How to install a french drain

Before you start:

  • Check if the law allows such a project to be done in your backyard and the appropriate channels to run it through. It may be annoying to deal with bureaucracy sometimes, but it’s worth doing the right way.
  • Ensure there are no running power lines or piping through the spot where you’ll be digging. Once again, consult the municipality.
  • Consider whether your french drain will be bothersome for your neighbours. Groundwater runoff in another person’s property can give them grounds for legal action against you. Ideally, you want to choose a runoff area away from any buildings and private property.
  • Find an incline. For the drain to work, the piping should be sloping at a 1° angle. If there is no natural sloping, you can create an artificial one by gradually digging deeper. This can be done by planting down stakes along the drain path and the length of the rope between them. Then using a string level, gauge the incline. If you are not sure how to do this yourself, it’s best to hire a professional surveyor.
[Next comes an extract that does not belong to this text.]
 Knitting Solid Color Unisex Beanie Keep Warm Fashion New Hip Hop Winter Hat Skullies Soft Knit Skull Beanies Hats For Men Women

What you need for your french drain:

Supplies needed for a french drain
  • Shovel – This, of course, is the bare minimum, and it may be backbreaking labour digging the entire trench by hand. However, it’s also free. Fees for a backhoe and an operator for it can cut deep into your budget.
  • Gravel – The gravel you use for the project must be washed. The tiny particles sticking to it may end up in the drain pipe.
  • Perforated pipe – The size of the pipe will vary depending on how severe the drainage problem is. There are flexible varieties too, but their durability is lower, and they tend to be more difficult to unclog should the need arise.
  • Landscaping fabric – It will keep soil, roots, and other small debris from clogging up the pipe. There are specialised pipes that come with a landscape fabric “sock” built up into the design.

Step 1 – Dig the trench

Dig a trench.

Start by digging a trench for the french drain. The size is not set in stone and can vary depending on the function you need. A deeper trench would work best for groundwater draining, while rainwater will drain more easily if the drain is closer to the surface. Ensure the trench does not have any grooves and bumps as these will cause water to pool in them and prevent the proper drainage.

Step 2 – Line with landscaping fabric

Line the trench with landscaping fabric.

The landscaping fabric will prevent any soil and small particles being washed into the drain’s holes and pipes and clogging it while permitting water through it.

Step 3 – Put down a gravel bed

Gravel bed for the french drain.

Shovel around 5 centimeters of gravel on top of the landscaping fabric to prepare the pipe’s “bed”.

Step 4 – Lay the pipe

Lay down the pipe.

The pipe’s holes must be pointing down. This may seem counter-intuitive at first, but this is the way to make it work best. If they are pointing up, some water will get into them, but most of it will pool beneath the pipe. Water always chooses the path of least resistance, and what your drain does is provide one for it. It will “climb” through the holes of the pipe and follow it to the runoff spot. There are different types of pipes, some of them punctured all around the pipes’ diameter. Consult the hardware store assistants to find out which one is best for you.

Step 5 –  Fill in gravel

Wrap the fabric around.

Shovel the gravel over the pipe until it almost fills the trench. It’s important to live some space to fill back soil. Now unpin the landscaping fabric and wrap it around. This way, you ensure the french drain is protected from small particles from all sides.

Step 6 – Final touches

finishing touches

Now, you can choose what to do with the remaining space. You can either fill up with gravel, which will make rainwater draining easier or fill it back up with soil and plant turf over it.  The point of wrapping the drain with landscape fabric is to minimize maintenance and ensure you won’t have to change piping for at least a few years. This also means if you choose to plant turf above, it won’t be disturbed for quite some time.